De Geest van God had de ruimte om vrijuit te werken, ondanks de geschriften van Paulus, Petrus en anderen.

Deze Nieuw Testamentische geschriften hadden nog bij lange na niet de invloed die het na de vierde eeuw in de bovengrondse kerk in toenemende mate zou krijgen.

Er was geen plaatsvervanger van Christus op aarde.

” Christus zelf heeft nooit iets opgeschreven van Zijn woorden en Zijn daden, omdat de letter doodt en daardoor de Geest belemmerd wordt in Zijn doorwerking in mensen “

De Geest van Christus zelf was de bron waardoor mensen ervoeren, beleefden dat Hij, God daadwerkelijk bestaat.

Zo’n sterke innerlijke overtuiging door de Geest van Christus zorgde er voor, dat steeds meer mensen in aanraking kwamen met de wijd verspreide beweging van volgelingen van Christus.
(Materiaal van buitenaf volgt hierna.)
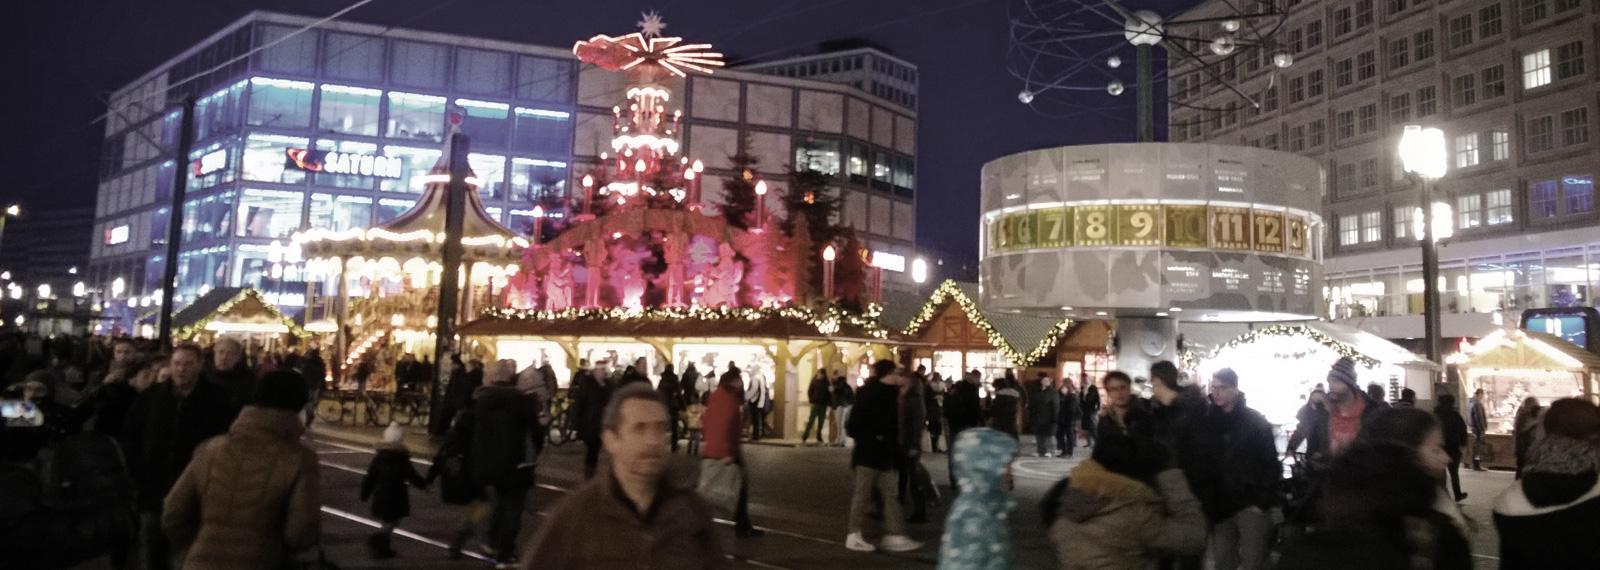 Weihnachten 2019 Berlin.Advent Weihnachten Berlin 2019 Crowne Plaza Berlin City Centre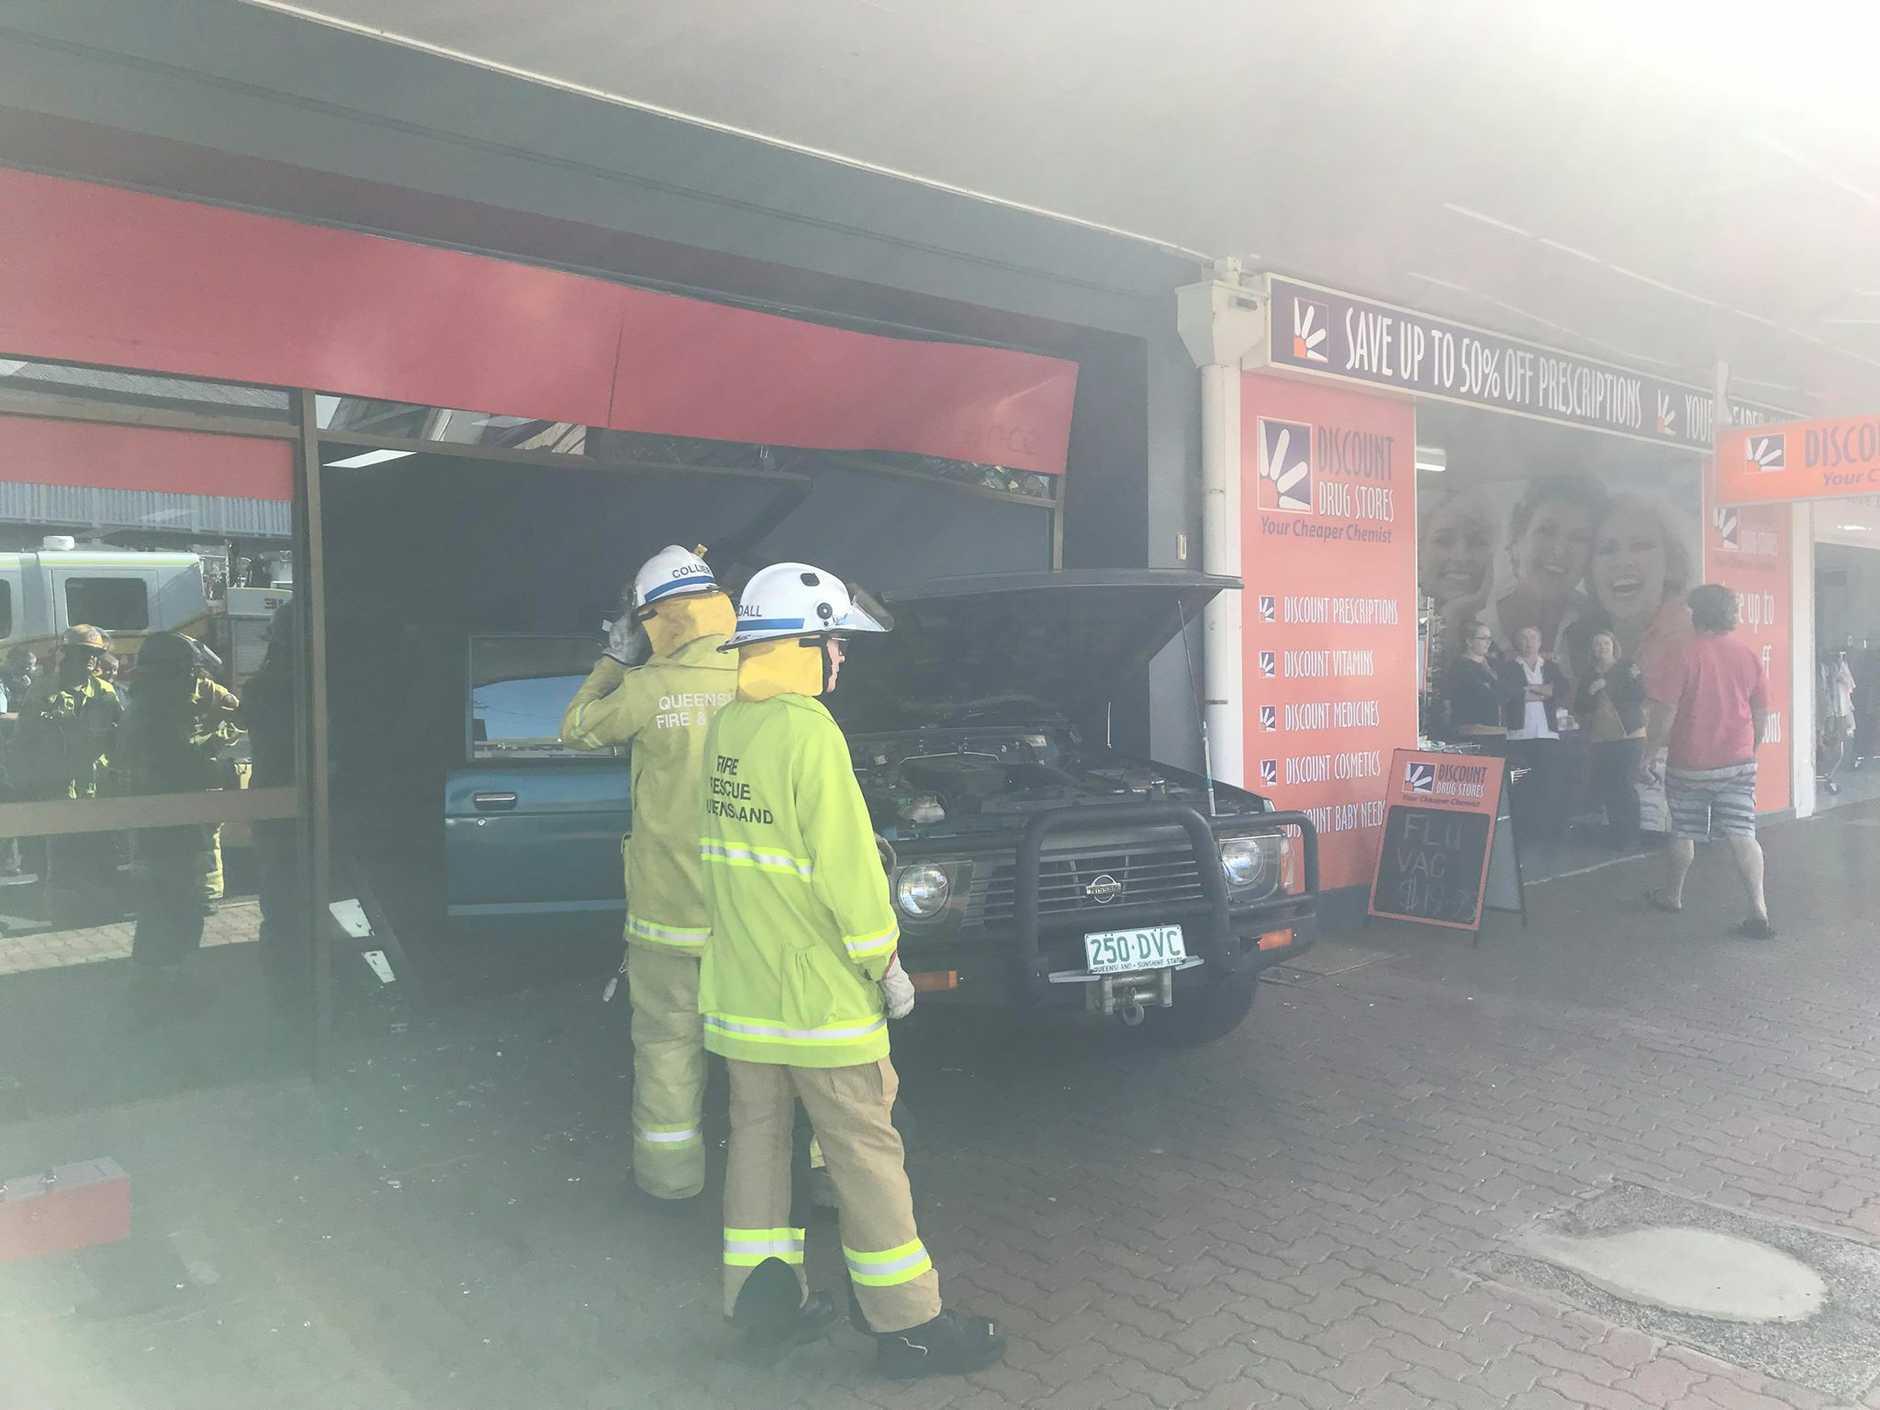 A 4WD has smashed through a shopfront on Kingaroy St, Kingaroy.

Volgelingen die echt vrije mensen waren, ondanks dat zij als slaaf werden gebruikt of hun keizer op een andere wijze moesten dienen.

Innerlijk vrije, blijde mensen die anders in het leven zijn gaan staan door de ervaring met de Geest van Christus.

Niemand wierp zich op als allesweter, als de plaatsvervanger.

Iedereen was gelijk, ook al probeerde Paulus en anderen, enige vorm te geven aan de veelal geheime en ondergronds verkerende christelijke gemeenschap.

Een zekere verdeling van taken om in de noden en behoeften van de christelijke gemeenschap te voorzien, is een logisch en spontaan werkende ontwikkeling.

Echter, niemand stond boven de ander.

Allen waren gelijkwaardig en van evenveel waarde voor Christus en de toenmalige christenen.

Paulus, noch Petrus, noch wie dan ook, vond zichzelf uitnemender dan de ander, ook al was niets menselijks hen vreemd, zoals twisten tussen Paulus en Petrus en een oordeel hebben over bepaalde gedragingen van gelovingen.

Later, in de bovengrondse kerk, worden Paulus, Petrus en anderen, tot heiligen gemaakt en hun geschriften gezien als onfeilbaar spreken Gods en toegevoegd aan de Oud Testamentische geschriften om zo de christelijke Canon te vormen.

Echter, Christus heeft geen plaatsvervanger aangesteld, anders dan de vrijwerkende Geest van Hemzelf die Hem vertegenwoordigt en zijn nabijheid laat ervaren in ieder mens die Christus wil volgen.

Noch pausen, noch kardinalen, noch priesters, noch dominee’s, noch voorgangers, kunnen daar verandering in brengen, hoe hard ze dit ook door de loop der eeuwen, tot op de dag van vandaag,  geprobeerd hebben.

Christus zelf heeft nooit iets opgeschreven van Zijn woorden en Zijn daden, omdat de letter doodt en daardoor de Geest belemmerd wordt in Zijn doorwerking in mensen.

De Heilige Geest, de Geest van Christus zelf, is de enige rechtmatige plaatsvervanger van Christus op aarde.